The p-value is the smallest level of significance at which the null hypothesis can be rejected.

The p-value is the smallest level of significance at which the null hypothesis can be rejected. -> does this means we do not reject if t stat > p value?

How does this work?

Fail to reject if the p-value is larger than the chosen significance level (alpha), such as 1% (0.01), 5% (0.05), etc. This corresponds to a critical t-value being larger than the calculated t-statistic.

Remember, p-values are probabilities, which cannot exeed 1 and cannot be less than 0. Calculated test statistics can be outside of this range.

A p-value is a level of significance.

An α is a level of significance.

You compare the p-value to the α you’ve chosen. Because the p-value is the _ lowest _ level of significance at which you’d reject the null, so you reject the null at values of p or higher, but not at values lower than p:

  • If the chosen α > p, you reject the null
  • If the chosen α < p, you don’t reject the null

Also, to help distinguish alpha and p-values-- a p-value is an observed significance level (based on the calculated test statistic) and an alpha is a chosen (or provided by CFAI) significance level that acts as a threshold (associated with a critical value).

Good clarification.

Thank you for the clarification guys

I am actually asking this question from CFAI - QM - Garfield Vignette Qns 5.

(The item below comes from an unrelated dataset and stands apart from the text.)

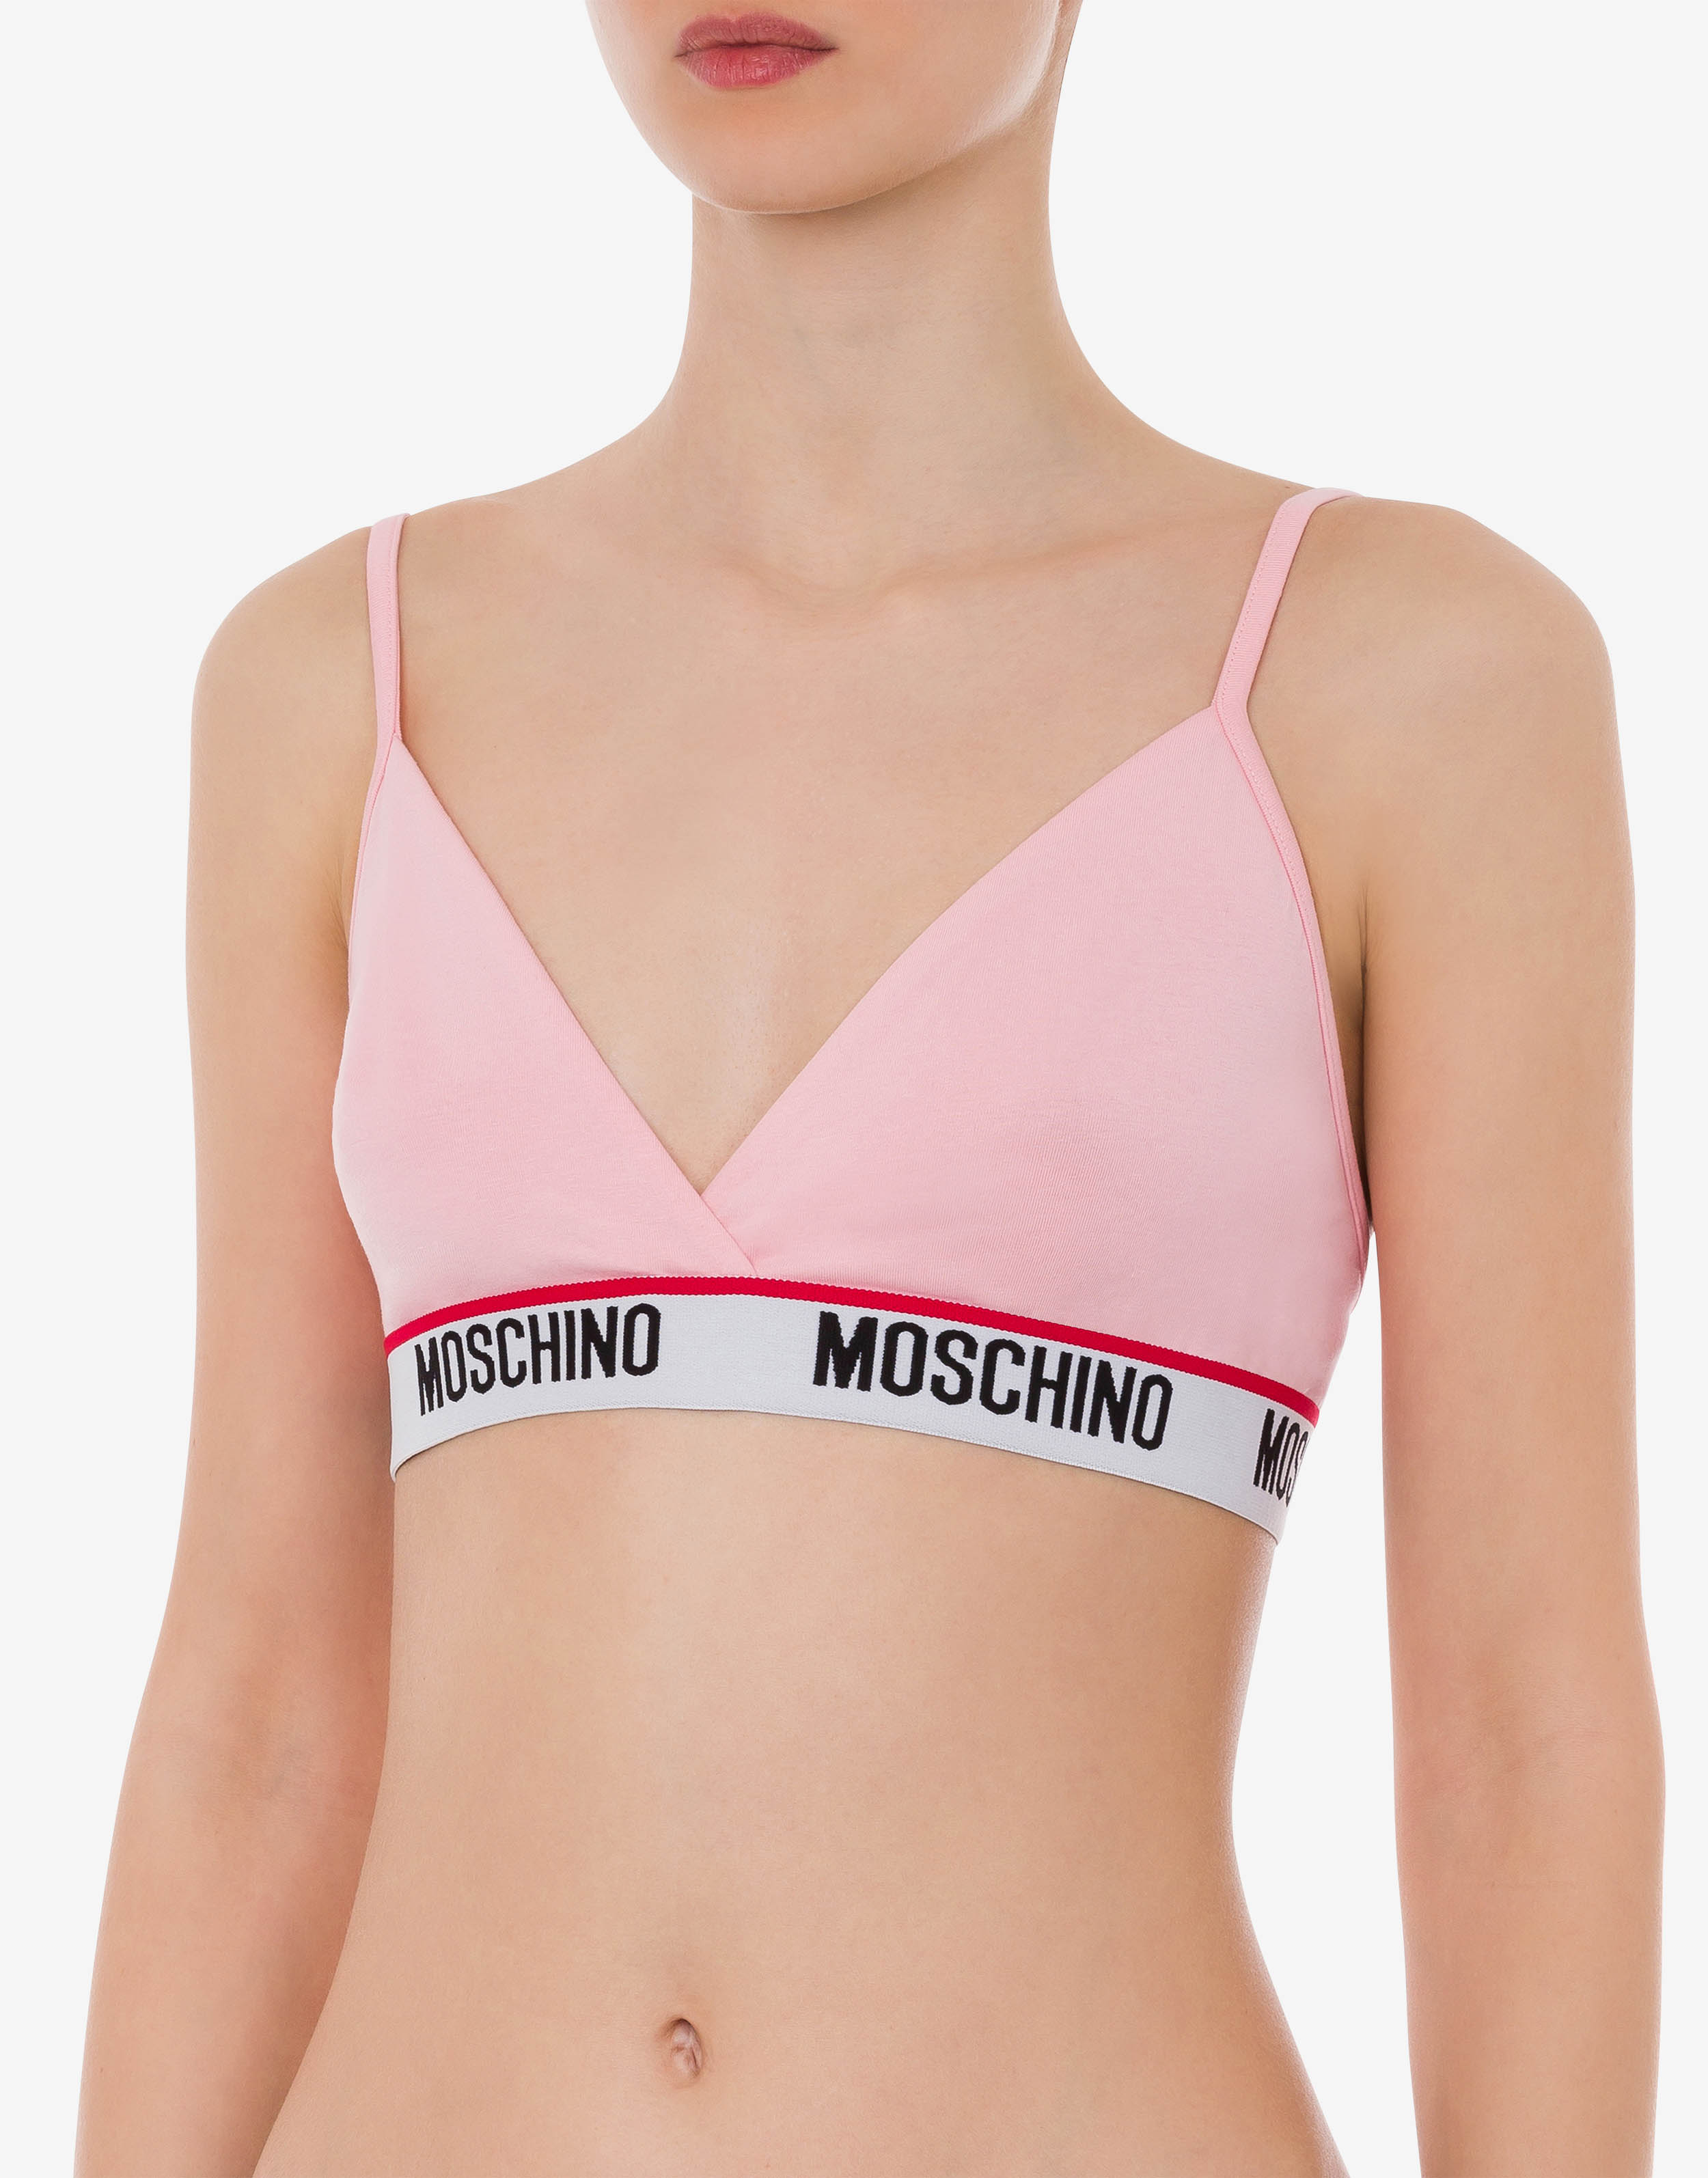 Moschino Pink/Blue Bustier Sleevess Bra Top sz 38 w/ Tags – Mine

I still do not understand why is the answer fail to reject the null hypothesis.I cant seem to find alpha stated anywhere in the vignette…

Glad to help!

Did they mention a critical value for you to use as a cutoff, or do they state a p-value? I don’t have access to this info.

By convention, alpha values should be between 0.10 and 0.01 (10% and 1%, respectively). If they gave you a p-value larger than 0.10, they could assume that by general conventions the answer would involve a failure to reject the null.